> _Work order_: Could the entries below be retyped exactly and in full?

> _Records supplied_:
□ □ □
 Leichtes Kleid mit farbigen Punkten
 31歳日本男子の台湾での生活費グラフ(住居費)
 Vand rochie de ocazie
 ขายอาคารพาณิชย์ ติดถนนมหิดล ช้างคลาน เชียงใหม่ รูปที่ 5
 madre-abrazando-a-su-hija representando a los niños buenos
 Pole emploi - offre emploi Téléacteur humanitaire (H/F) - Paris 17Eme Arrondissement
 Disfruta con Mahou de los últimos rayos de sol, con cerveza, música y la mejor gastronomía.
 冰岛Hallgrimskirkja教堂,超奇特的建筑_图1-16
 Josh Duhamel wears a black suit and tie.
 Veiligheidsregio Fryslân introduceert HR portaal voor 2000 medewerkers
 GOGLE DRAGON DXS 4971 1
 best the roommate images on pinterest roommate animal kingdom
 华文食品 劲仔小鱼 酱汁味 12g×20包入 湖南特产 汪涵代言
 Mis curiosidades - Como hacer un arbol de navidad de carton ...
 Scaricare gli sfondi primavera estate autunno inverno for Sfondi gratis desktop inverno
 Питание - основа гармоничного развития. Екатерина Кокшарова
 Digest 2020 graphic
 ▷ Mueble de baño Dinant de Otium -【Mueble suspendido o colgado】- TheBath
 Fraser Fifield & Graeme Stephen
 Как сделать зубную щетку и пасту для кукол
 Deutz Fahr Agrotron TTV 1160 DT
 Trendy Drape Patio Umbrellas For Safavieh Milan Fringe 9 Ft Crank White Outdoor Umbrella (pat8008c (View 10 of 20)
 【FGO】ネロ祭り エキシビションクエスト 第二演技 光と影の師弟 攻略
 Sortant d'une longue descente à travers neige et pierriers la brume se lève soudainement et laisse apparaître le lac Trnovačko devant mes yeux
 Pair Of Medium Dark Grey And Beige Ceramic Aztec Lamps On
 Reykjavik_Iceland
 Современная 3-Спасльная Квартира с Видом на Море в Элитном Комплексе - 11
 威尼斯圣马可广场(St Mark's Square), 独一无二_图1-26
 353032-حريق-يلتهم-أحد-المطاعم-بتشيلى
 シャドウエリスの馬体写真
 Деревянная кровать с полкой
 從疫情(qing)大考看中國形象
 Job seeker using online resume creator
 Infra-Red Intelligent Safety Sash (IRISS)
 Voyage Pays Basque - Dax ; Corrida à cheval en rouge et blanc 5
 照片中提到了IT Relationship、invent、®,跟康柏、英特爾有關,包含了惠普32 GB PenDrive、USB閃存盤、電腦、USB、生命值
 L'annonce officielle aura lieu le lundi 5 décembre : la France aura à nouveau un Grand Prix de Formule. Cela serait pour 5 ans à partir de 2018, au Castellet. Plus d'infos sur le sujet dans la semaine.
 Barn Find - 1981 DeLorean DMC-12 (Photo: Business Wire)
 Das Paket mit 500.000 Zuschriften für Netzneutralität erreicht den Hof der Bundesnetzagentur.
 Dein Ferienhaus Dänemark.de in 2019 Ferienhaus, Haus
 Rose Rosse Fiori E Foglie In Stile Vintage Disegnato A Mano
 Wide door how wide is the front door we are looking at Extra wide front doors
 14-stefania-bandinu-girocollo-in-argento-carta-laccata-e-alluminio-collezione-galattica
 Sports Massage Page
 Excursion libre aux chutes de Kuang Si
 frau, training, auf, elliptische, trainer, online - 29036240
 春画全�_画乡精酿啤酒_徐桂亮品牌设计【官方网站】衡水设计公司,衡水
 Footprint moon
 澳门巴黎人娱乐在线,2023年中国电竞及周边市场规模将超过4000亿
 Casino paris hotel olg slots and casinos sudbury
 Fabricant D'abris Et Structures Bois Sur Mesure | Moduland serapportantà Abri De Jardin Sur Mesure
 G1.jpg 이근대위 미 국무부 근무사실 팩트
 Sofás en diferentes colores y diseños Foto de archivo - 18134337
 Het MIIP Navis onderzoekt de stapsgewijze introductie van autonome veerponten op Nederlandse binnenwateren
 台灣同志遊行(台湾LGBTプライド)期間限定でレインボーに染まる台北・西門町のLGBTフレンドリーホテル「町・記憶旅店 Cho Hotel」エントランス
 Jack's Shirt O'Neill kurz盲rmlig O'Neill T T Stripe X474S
□ □ □
> _Solved problem_:
 Leichtes Kleid mit farbigen Punkten
 31歳日本男子の台湾での生活費グラフ(住居費)
 Vand rochie de ocazie
 ขายอาคารพาณิชย์ ติดถนนมหิดล ช้างคลาน เชียงใหม่ รูปที่ 5
 madre-abrazando-a-su-hija representando a los niños buenos
 Pole emploi - offre emploi Téléacteur humanitaire (H/F) - Paris 17Eme Arrondissement
 Disfruta con Mahou de los últimos rayos de sol, con cerveza, música y la mejor gastronomía.
 冰岛Hallgrimskirkja教堂,超奇特的建筑_图1-16
 Josh Duhamel wears a black suit and tie.
 Veiligheidsregio Fryslân introduceert HR portaal voor 2000 medewerkers
 GOGLE DRAGON DXS 4971 1
 best the roommate images on pinterest roommate animal kingdom
 华文食品 劲仔小鱼 酱汁味 12g×20包入 湖南特产 汪涵代言
 Mis curiosidades - Como hacer un arbol de navidad de carton ...
 Scaricare gli sfondi primavera estate autunno inverno for Sfondi gratis desktop inverno
 Питание - основа гармоничного развития. Екатерина Кокшарова
 Digest 2020 graphic
 ▷ Mueble de baño Dinant de Otium -【Mueble suspendido o colgado】- TheBath
 Fraser Fifield & Graeme Stephen
 Как сделать зубную щетку и пасту для кукол
 Deutz Fahr Agrotron TTV 1160 DT
 Trendy Drape Patio Umbrellas For Safavieh Milan Fringe 9 Ft Crank White Outdoor Umbrella (pat8008c (View 10 of 20)
 【FGO】ネロ祭り エキシビションクエスト 第二演技 光と影の師弟 攻略
 Sortant d'une longue descente à travers neige et pierriers la brume se lève soudainement et laisse apparaître le lac Trnovačko devant mes yeux
 Pair Of Medium Dark Grey And Beige Ceramic Aztec Lamps On
 Reykjavik_Iceland
 Современная 3-Спасльная Квартира с Видом на Море в Элитном Комплексе - 11
 威尼斯圣马可广场(St Mark's Square), 独一无二_图1-26
 353032-حريق-يلتهم-أحد-المطاعم-بتشيلى
 シャドウエリスの馬体写真
 Деревянная кровать с полкой
 從疫情(qing)大考看中國形象
 Job seeker using online resume creator
 Infra-Red Intelligent Safety Sash (IRISS)
 Voyage Pays Basque - Dax ; Corrida à cheval en rouge et blanc 5
 照片中提到了IT Relationship、invent、®,跟康柏、英特爾有關,包含了惠普32 GB PenDrive、USB閃存盤、電腦、USB、生命值
 L'annonce officielle aura lieu le lundi 5 décembre : la France aura à nouveau un Grand Prix de Formule. Cela serait pour 5 ans à partir de 2018, au Castellet. Plus d'infos sur le sujet dans la semaine.
 Barn Find - 1981 DeLorean DMC-12 (Photo: Business Wire)
 Das Paket mit 500.000 Zuschriften für Netzneutralität erreicht den Hof der Bundesnetzagentur.
 Dein Ferienhaus Dänemark.de in 2019 Ferienhaus, Haus
 Rose Rosse Fiori E Foglie In Stile Vintage Disegnato A Mano
 Wide door how wide is the front door we are looking at Extra wide front doors
 14-stefania-bandinu-girocollo-in-argento-carta-laccata-e-alluminio-collezione-galattica
 Sports Massage Page
 Excursion libre aux chutes de Kuang Si
 frau, training, auf, elliptische, trainer, online - 29036240
 春画全�_画乡精酿啤酒_徐桂亮品牌设计【官方网站】衡水设计公司,衡水
 Footprint moon
 澳门巴黎人娱乐在线,2023年中国电竞及周边市场规模将超过4000亿
 Casino paris hotel olg slots and casinos sudbury
 Fabricant D'abris Et Structures Bois Sur Mesure | Moduland serapportantà Abri De Jardin Sur Mesure
 G1.jpg 이근대위 미 국무부 근무사실 팩트
 Sofás en diferentes colores y diseños Foto de archivo - 18134337
 Het MIIP Navis onderzoekt de stapsgewijze introductie van autonome veerponten op Nederlandse binnenwateren
 台灣同志遊行(台湾LGBTプライド)期間限定でレインボーに染まる台北・西門町のLGBTフレンドリーホテル「町・記憶旅店 Cho Hotel」エントランス
 Jack's Shirt O'Neill kurz盲rmlig O'Neill T T Stripe X474S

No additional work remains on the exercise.